Even despite a delayed summer in much of the Western states, the sweltering temperatures in other markets kept cooling systems humming, breaking, or in dire need of replacement with more efficient, cheaper to run new systems. The 2010 general economic climate is much improved from 2009 with consumer spending and household cash both up considerably (however 2010 did pale in comparison to most post-recession recovery years).

Finally, 2010 will end up being a record-setting year for energy efficiency incentive funding. The $1,500 federal tax credits have not stood alone this year. Most states included high-efficiency HVAC systems in their State Energy Efficient Appliance Rebate Programs.

If there were ever a time to see large volumes of system replacements, this should have been the year. However, through July with most HVAC distributors confirming more aggressive-than-usual inventory strategies this year, residential a/c and heat pump unitary shipments failed to exceed 4 million.

• The mix of high-efficiency units has improved, but by how much and for how long? The industry’s strong sales in 2010 with only moderate improvement in unitary shipments indicate two trends that undermine confidence in our industry’s long-term recovery prognosis.

About 27 percent of U.S. unitary a/c and heat pump shipments were higher than 13 SEER. HARDI estimates 2010’s cooling equipment shipments will far exceed 30 percent, perhaps near 40 percent greater than 13 SEER. This positive trend has been great for gross revenues and margins, but the lack of unitary volume spikes indicates continuing high rates of repairs.

There are many reasons to believe that absent a well-advertised, well-marketed $1,500 incentive to reach higher than the bare minimum, 2011’s product mix and unitary sales volumes could look much more 2009-ish than 2006-ish as JP Morgan and some OEMs have forecasted. This may not be felt as much on the heating side, but central a/c and heat pump unitary sales of greater than 13 SEER systems could easily dip into the low 20 percent range or worse without the federal tax credits in 2011.

• If 25c is not extended in 2010, it may not get extended for some time. The fall legislative calendar is a mess and the mid-term elections aren’t helping, however there will be lame-duck activity before the end of this year’s session.
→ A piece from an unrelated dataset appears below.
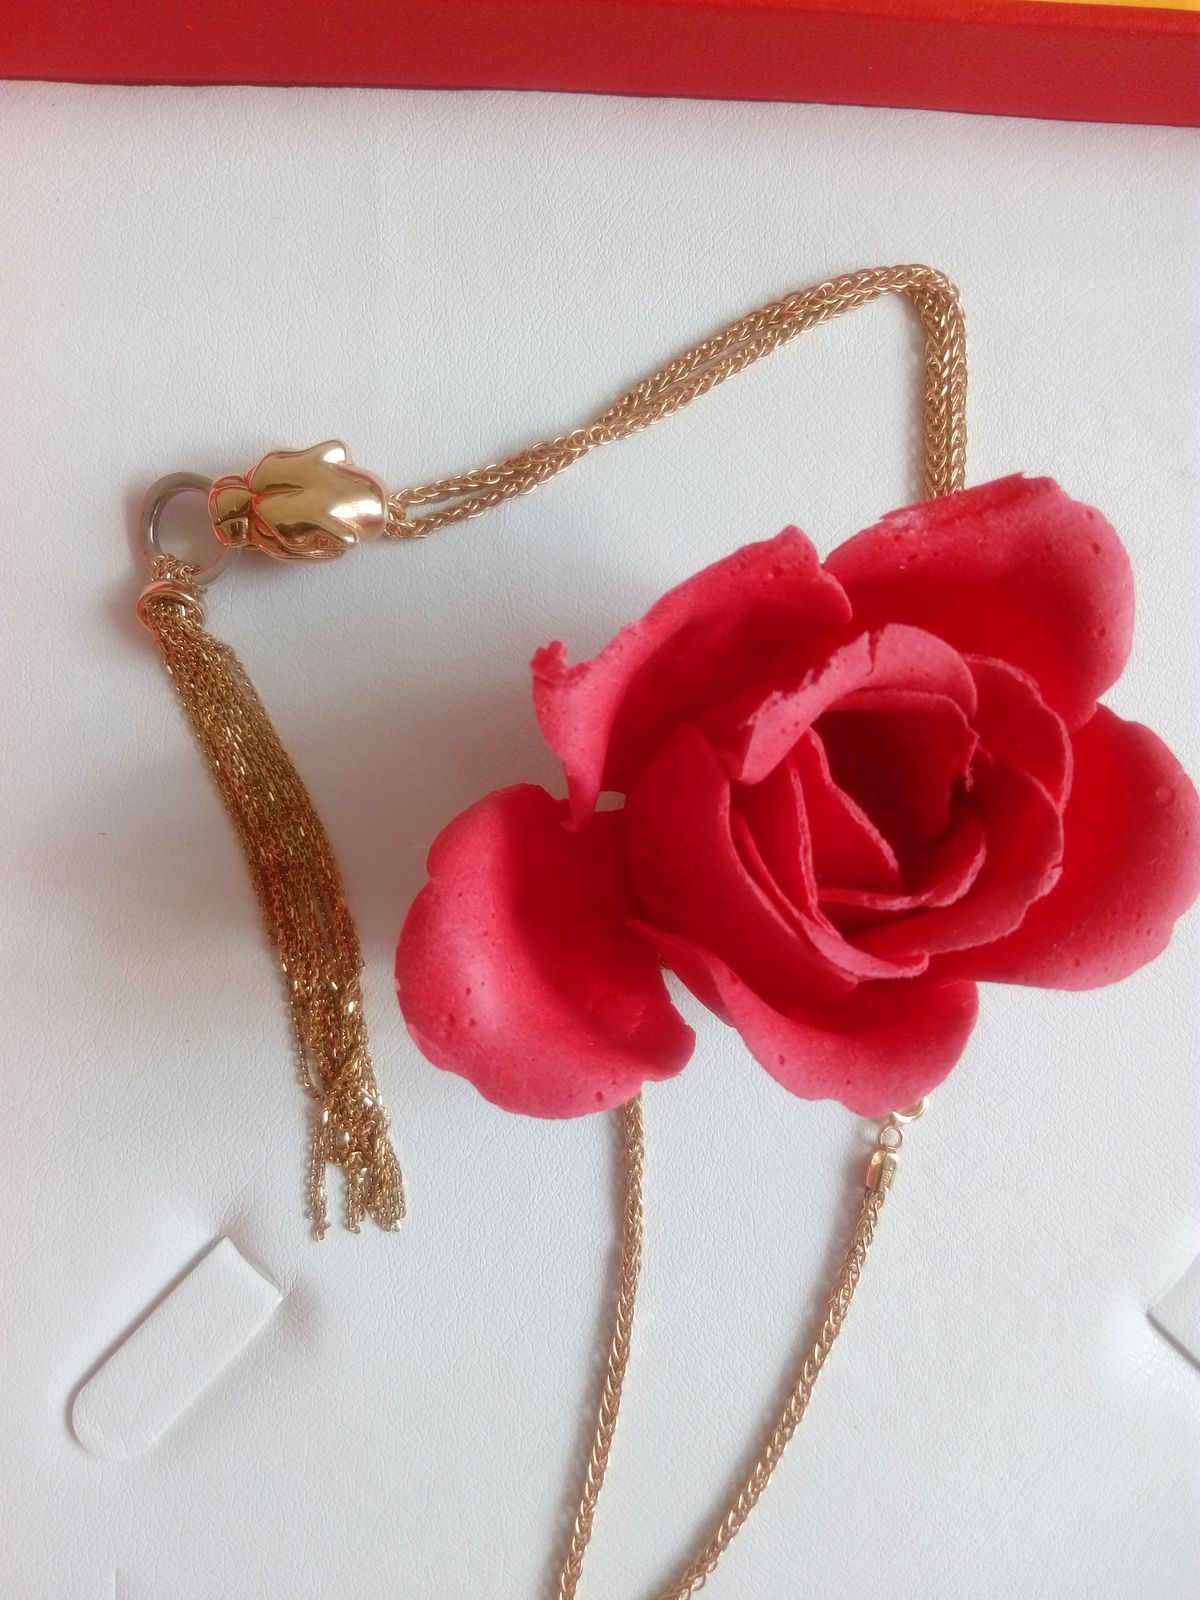 Приобрела подвеску с цепочкой в паре с браслетом, очень довольна покупкой.
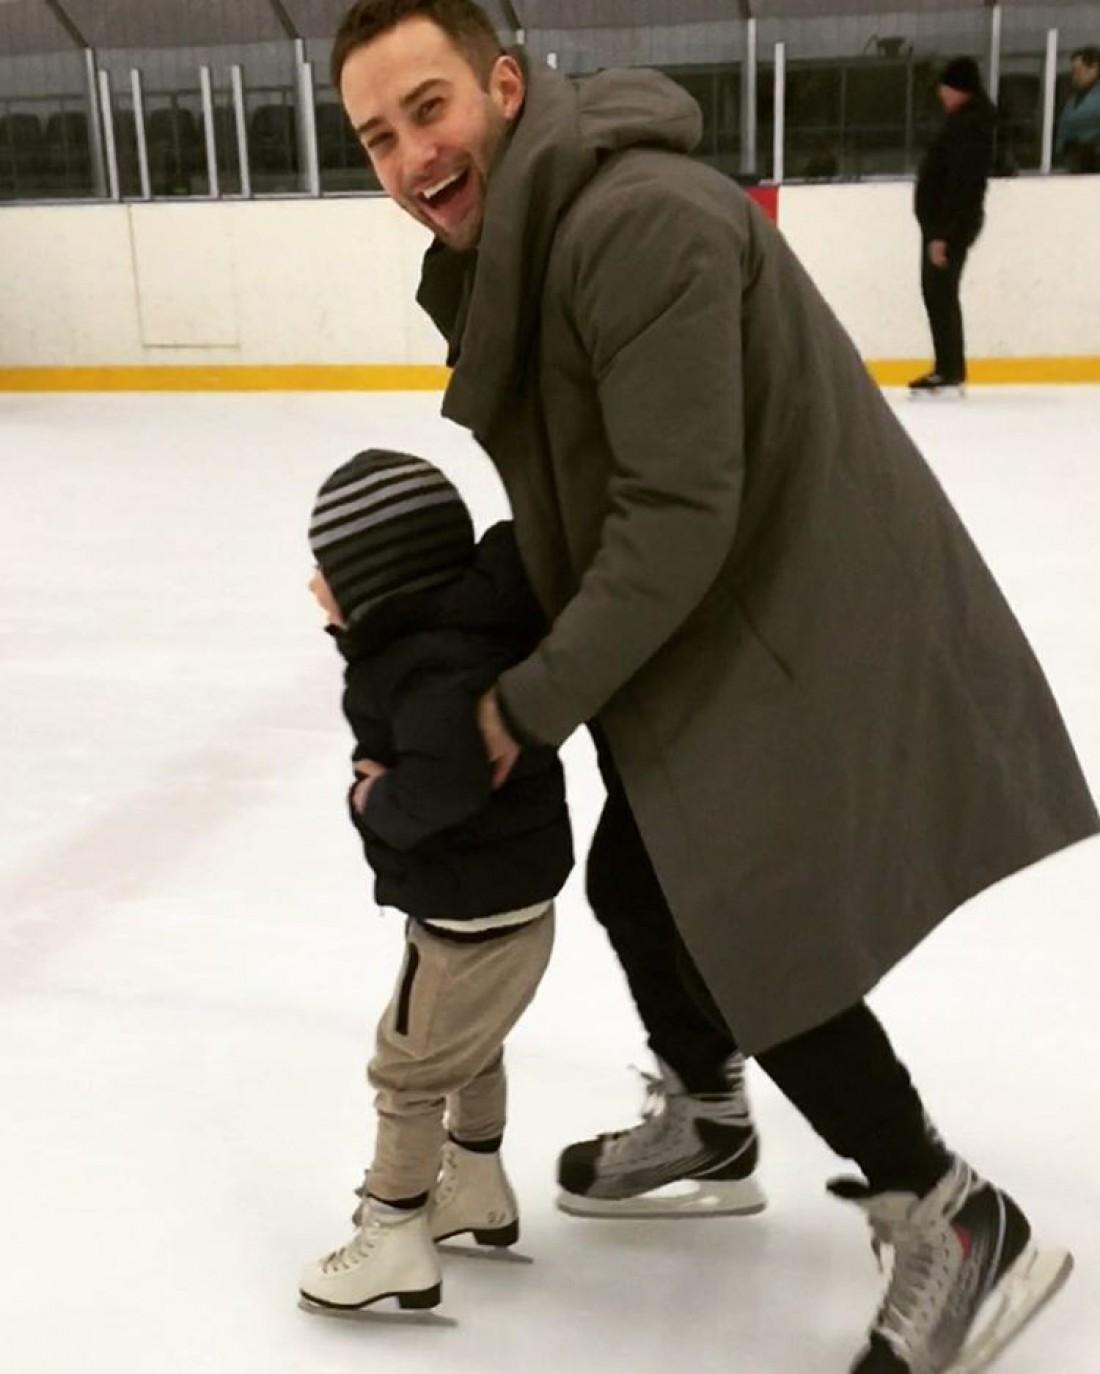 Шепелев с сыном катается на коньках

If 25c extension does not get done this year, the 2010 “extenders” bill is the next best chance, but that could easily extend into the second quarter of 2011, if at all.

It is important not to underestimate the cost of a three-plus month delay in the 25c’s extension. Manufacturers and distributors are preparing now for 2011 but don’t know what to produce, stock, or market at this point. Contractors are thinking about advertising and marketing campaigns for the 2011 heating season, and planning for the 2011 cooling season, but are those ads going to say “claim your $1,500 extended tax credit” or something else? How much 2011 business might get pulled into 2010 as homeowners scramble to take advantage of the expiring tax credit (when the child tax credit was increased, delivery rooms saw a spike in late December labor inducements)? If the credits are eventually extended sometime in 2011, how long will it take for manufacturers to adjust their production, and distributors to adjust their inventories?

No one in the HVAC industry should see any of these three scenarios as positive for 2011. They can all be avoided by giving Congress no other choice but to renew these credits this year.